Trisula
Perangi Korupsi
Achmad Fauzi ; Hakim Pengadilan Agama Tarakan, Kalimantan
Utara
|
KOMPAS,
04 Desember 2014
BANGSA kita sejatinya memiliki
senjata trisula untuk memerangi kejahatan korupsi. Namun, senjata pamungkas
ini kurang ampuh karena ketajaman tiga mata pisaunya kurang padu. Pamor
trisula itu berjangkar pada otoritas kekuasaan eksekutif, legislatif, dan
yudikatif. Bagaimanakah trisula itu menjadi satu kekuatan besar dan bertaji?
Postur kabinet pemerintahan Joko
Widodo-Jusuf Kalla dibangun oleh komitmen memilih sosok yang bersih dan
steril dari korupsi. Calon yang ditandai merah dan kuning oleh KPK tidak
dipilih presiden karena khawatir mengganggu kerja kabinet.
Begitu pula hasil analisis PPATK
soal perolehan harta dan analisis transaksi keuangan juga masuk penilaian.
Artinya, proses perekrutan menteri sudah berjalan selektif, integratif, dan
berorientasi pada perwujudan pemerintahan yang bersih dan bebas dari unsur
KKN.
Kesalehan pribadi yang dimiliki
para menteri tersebut tentu menjadi modalitas penting dalam melembagakan
kesalehan sebuah sistem. Sistem yang telah tercipta baik nantinya akan
bekerja dan secara otomatis menyingkirkan jaringan korupsi.

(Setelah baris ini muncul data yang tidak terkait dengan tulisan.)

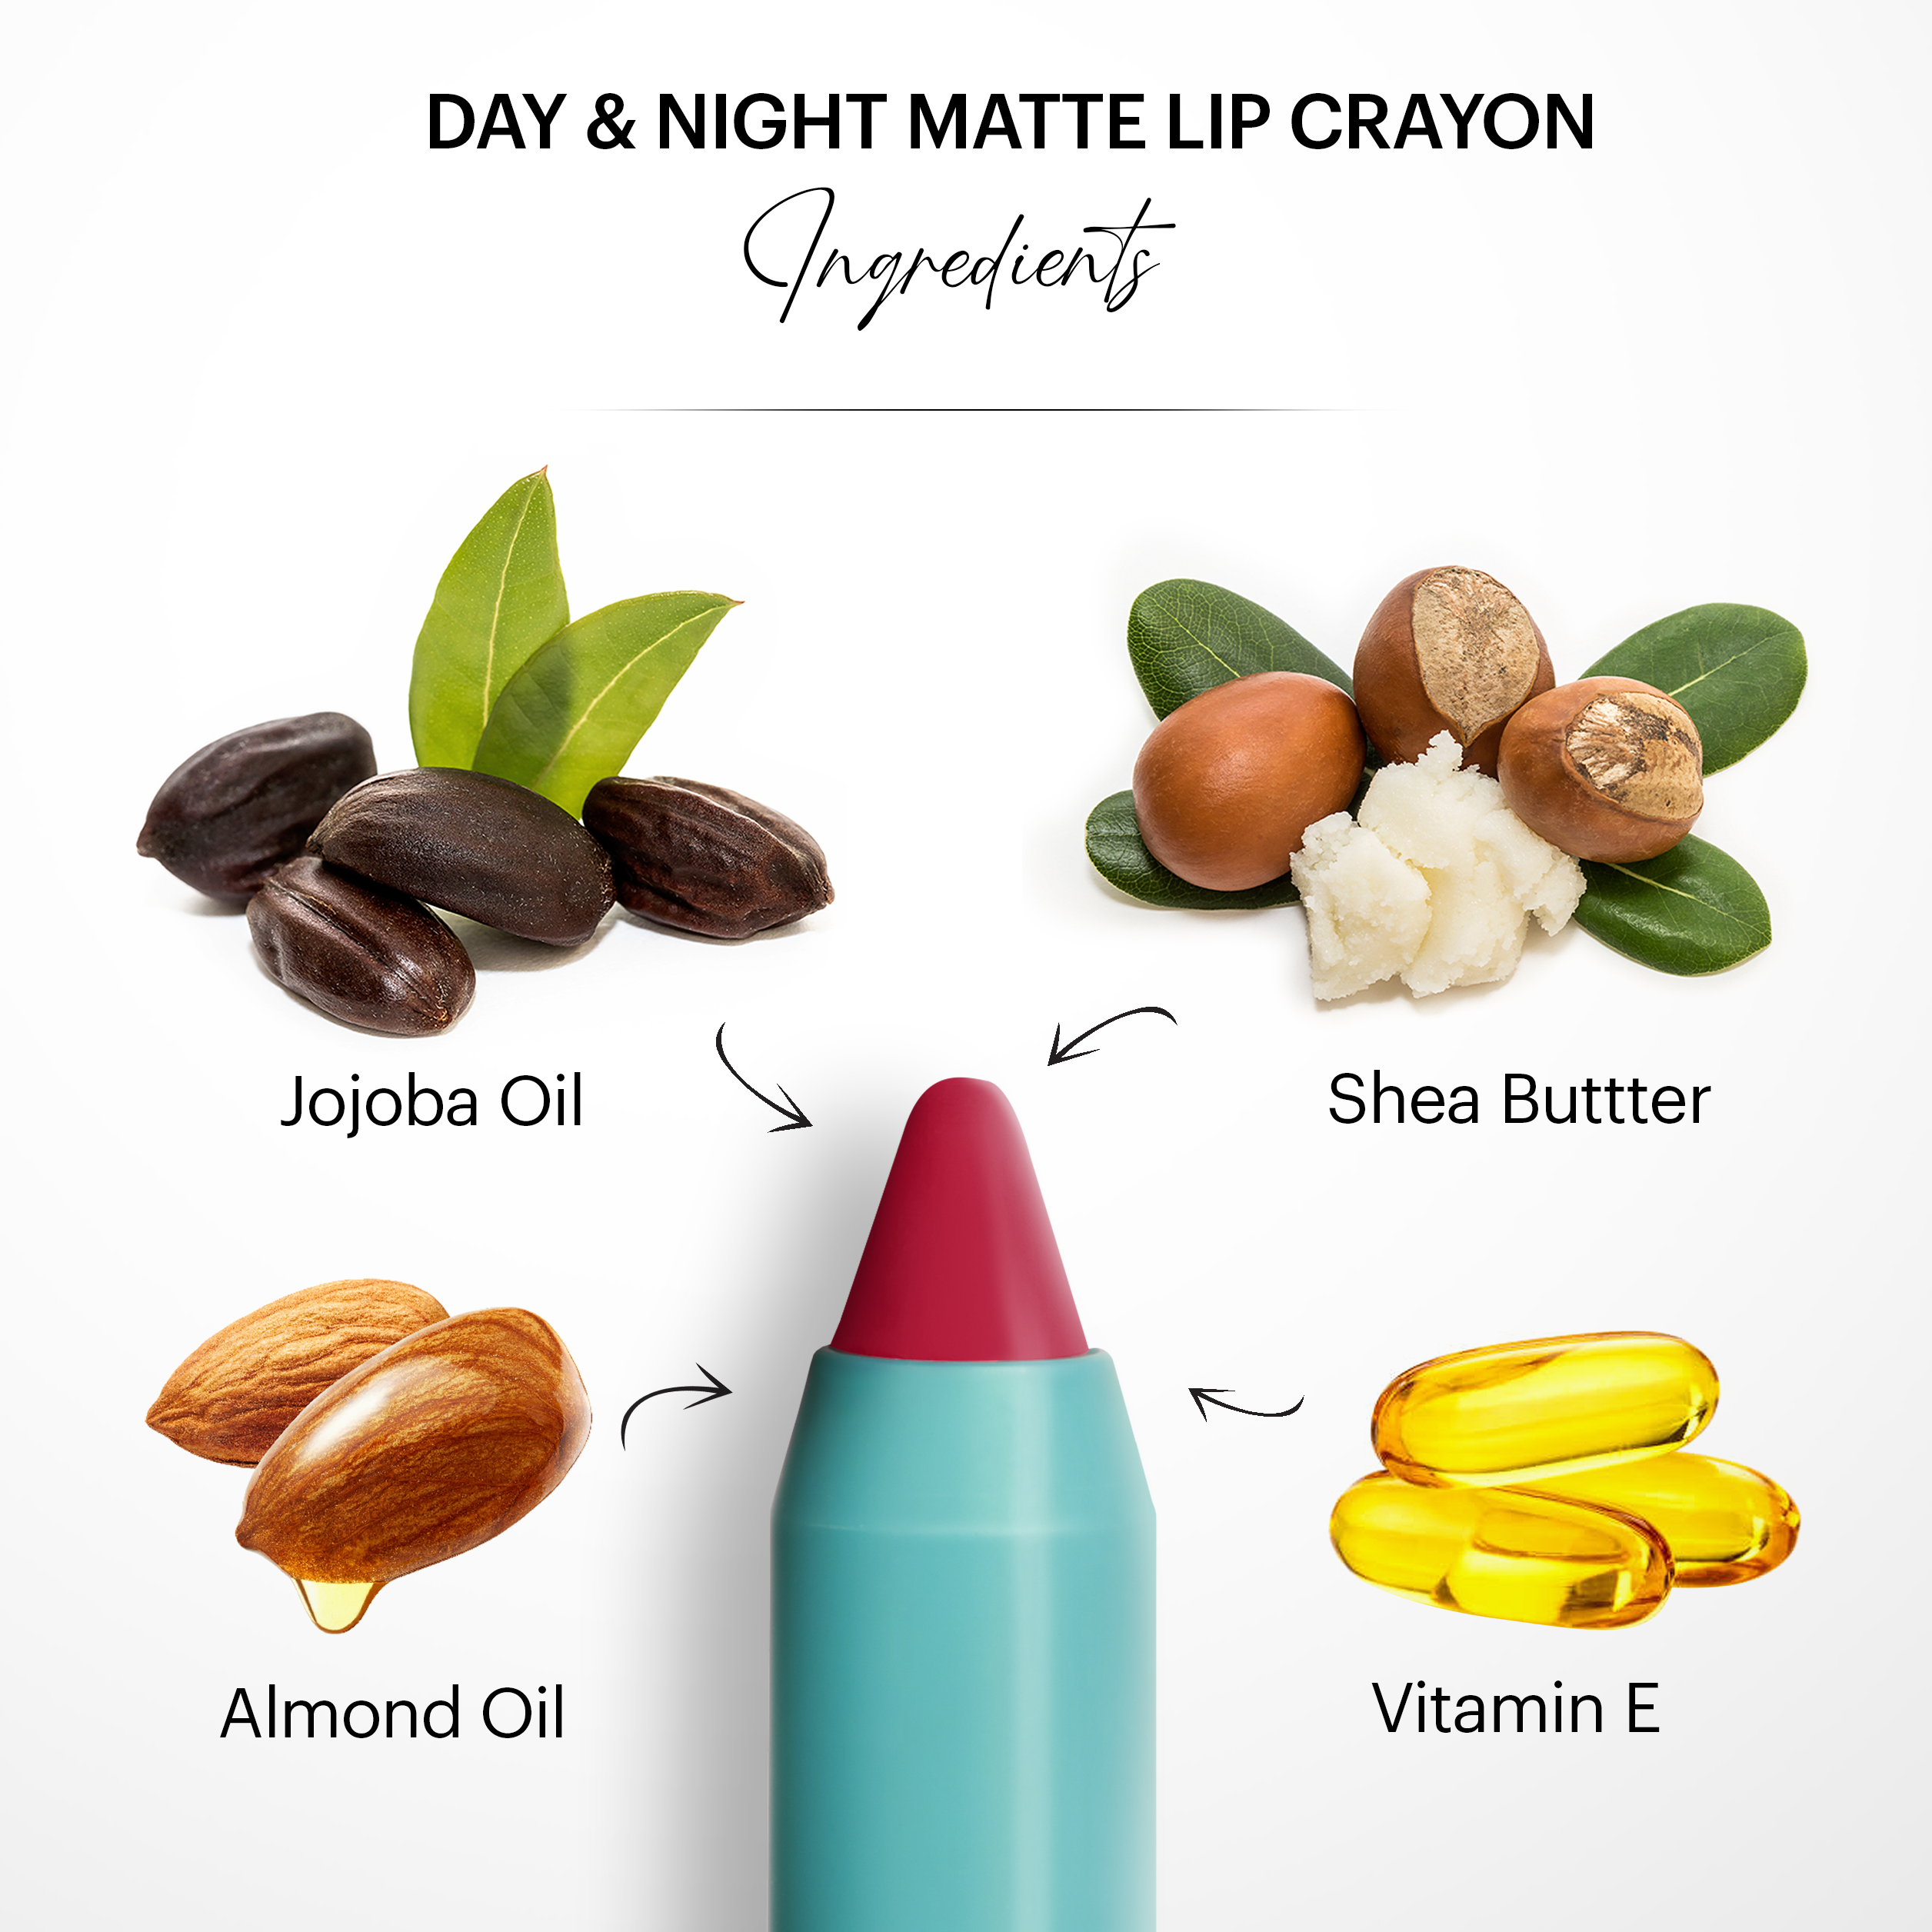 Day & Night Creamy Matte Lip Crayon Shade: Boss Babe 45

Salah satu perwujudan kesalehan
kelembagaan adalah pengetatan monitoring tata kelola keuangan di
kementerian/lembaga agar lebih transparan dan akuntabel.
Di ranah ini acap terjadi
maladministrasi akibat kelalaian/ketidaktahuan pejabat dalam melakukan
diskresi kewenangan. Perlu keterlibatan peran preventif KPK untuk menjelaskan
ranah kebijakan yang potensial dimejahijaukan.
Sistem integritas nasional atau
kajian-kajian di sejumlah kementerian/lembaga juga sudah dikirim ke
masing-masing kementerian untuk dijadikan pedoman.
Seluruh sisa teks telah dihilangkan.